将向量提取器用于平行语料对齐的一个小示例

简介: 将向量提取器用于平行语料对齐的一个小示例
from sentence_transformers import SentenceTransformer 
import numpy as np
from os import path
model_path = (
    '/data/m3e-base' 
    if path.isdir('/data/m3e-base') 
    else 'moka-ai/m3e-base'
)
model = SentenceTransformer(model_path)
zh_list = [
    "国际高等教育研究机构QS Quacquarelli Symonds于2023年6月28日正式发布第20版世界大学排名,首次将就业能力和可持续发展指标纳入排名体系,成为全球唯一一个同时包含这两项指标的排名。",
    "瑞典皇家科学院2022年10月10日在斯德哥尔摩宣布,将2022年诺贝尔经济学奖授予经济学家本·伯南克(Ben Bernanke)、道格拉斯·戴蒙德(Douglas Diamond)和菲利普·迪布维格(Philip Dybvig),以表彰他们在银行与金融危机研究领域的突出贡献。",
    "2022年11月10日,《福布斯》发布2022中国内地富豪榜。本次上榜者的财富总额从去年的1.48万亿美元下降至9,071亿美元,跌幅达到39%,并创下了《福布斯》调查中国内地富豪20多年以来的最大跌幅。",
    "新能源是指传统能源之外的各种能源形式。它的各种形式都是直接或者间接地来自于太阳或地球内部所产生的热能。包括太阳能、风能、生物质能、地热能、水能和海洋能以及由可再生能源衍生出来的生物燃料和氢所产生的能量。也可以说,新能源包括各种可再生能源和核能。相对于传统能源,新能源普遍具有污染少、储量大的特点,对于解决当今世界严重的环境污染问题和资源(特别是化石能源)枯竭问题具有重要意义。",
    "费曼学习法可以简化为四个单词:Concept (概念)、Teach (教给别人)、Review (评价)、Simplify (简化)。  费曼学习法的灵感源于诺贝尔物理奖获得者理查德•费曼(Richard Feynman),运用费曼技巧,你只需花上20分钟就能深入理解知识点,而且记忆深刻,难以遗忘。

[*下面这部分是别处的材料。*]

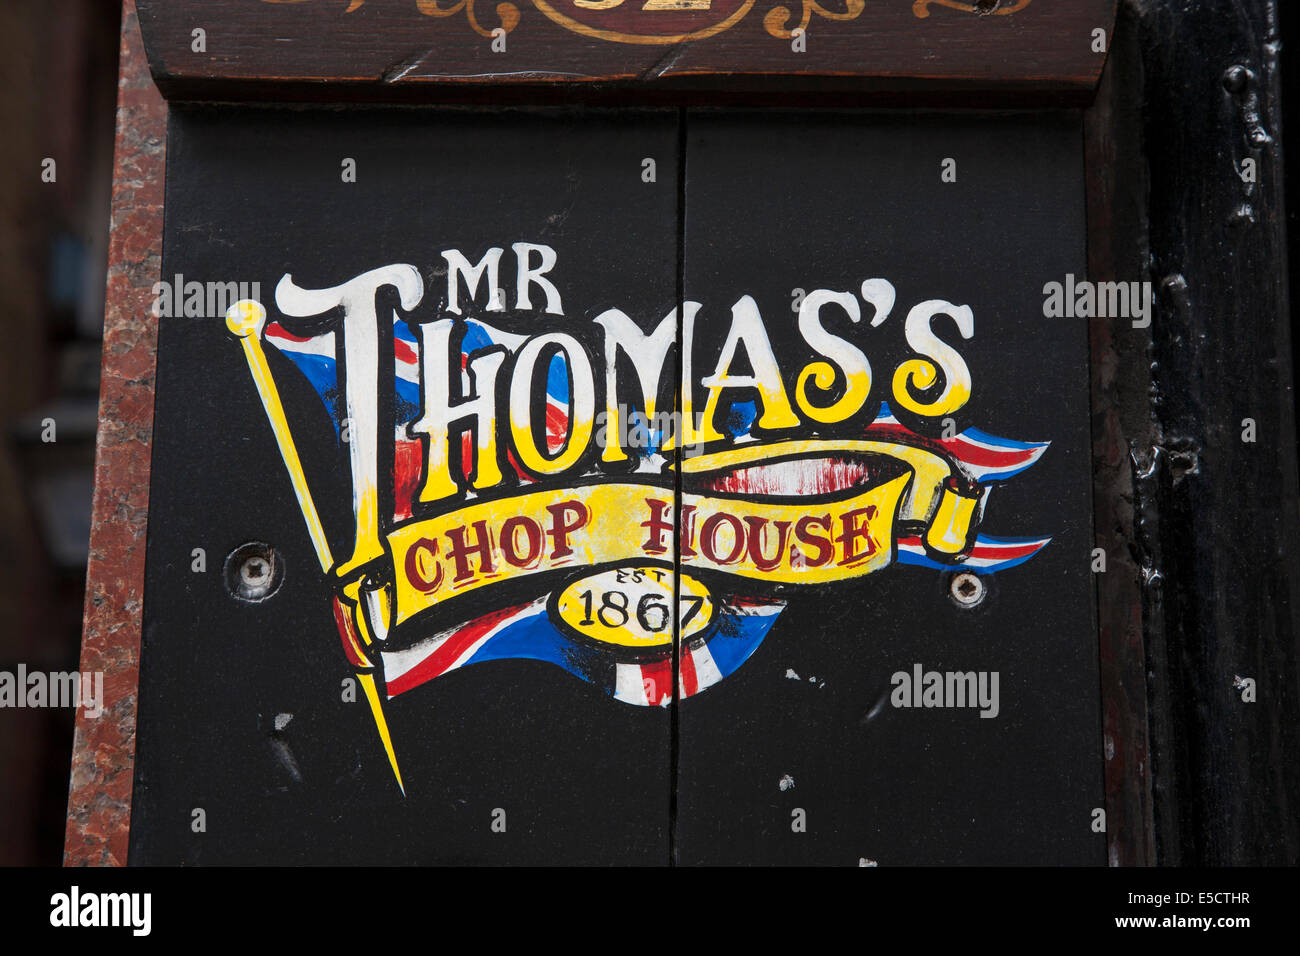 Herr Thomas Chop House Zeichen, Manchester, England, UK Stockfoto

知识有两种类型,我们绝大多数人关注的都是错误的那类。第一类知识注重了解某个事物的名称。第二类知识注重了解某件事物。这可不是一回事儿。著名的诺贝尔物理学家理查德·费曼(Richard Feynman)能够理解这二者间的差别,这也是他成功最重要的原因之一。事实上,他创造了一种学习方法,确保他会比别人对事物了解的更透彻。",
] 
en_list = [
    "On November 10th, 2022, Forbes published the 2022 China Mainland Rich List. The total wealth of the people on this list dropped from $1.48 trillion last year to $907.1 billion, a drop of 39%, which was the biggest drop since Forbes surveyed the richest people in mainland China for more than 20 years. " ,
    "New energy refers to various forms of energy other than traditional energy. All its forms come directly or indirectly from the heat energy generated by the sun or the earth. Including solar energy, wind energy, biomass energy, geothermal energy, water energy and ocean energy, as well as energy generated by biofuels and hydrogen derived from renewable energy. It can also be said that new energy includes all kinds of renewable energy and nuclear energy. Compared with traditional energy sources, new energy sources generally have the characteristics of less pollution and large reserves, which is of great significance to solve the serious environmental pollution problem and the depletion of resources (especially fossil energy) in the world today. " ,
    "QS Quacquarelli Symonds, an international higher education research institution, officially released the 20th edition of the World University Rankings on June 28th, 2023, which brought employability and sustainable development indicators into the ranking system for the first time, becoming the only ranking in the world that includes both indicators." ,
    "Feynman learning method can be simplified to four words: Concept, Teach, Review and Simplify. Feynman's learning method is inspired by Richard Feynman, the Nobel Prize winner in physics. With Feynman's skills, you can understand the knowledge points in depth in just 20 minutes, and it is memorable and hard to forget. There are two types of knowledge, and most of us pay attention to the wrong kind. The first kind of knowledge focuses on knowing the name of something. The second kind of knowledge focuses on understanding something. This is not the same thing. Richard Feynman, a famous Nobel physicist, can understand the difference between the two, which is one of the most important reasons for his success. In fact, he created a learning method to ensure that he would know things better than others. " ,
    "The Royal Swedish Academy of Sciences announced in Stockholm on October 10th, 2022 that it would award the 2022 Nobel Prize in Economics to economists Ben Bernanke, Douglas Diamond and Philip Dybvig in recognition of their outstanding contributions in the field of banking and financial crisis research." ,
]
zh_vecs = model.encode(zh_list)
en_vecs = model.encode(en_list)
def l2_norm(arr, axis=-1):
    return (arr ** 2).sum(axis=axis, keepdims=True) ** 0.5
en_vecs /= l2_norm(en_vecs)
zh_vecs /= l2_norm(zh_vecs)
sim_mat = en_vecs @ zh_vecs.T
sims = np.sort(sim_mat, axis=-1)[:, ::-1]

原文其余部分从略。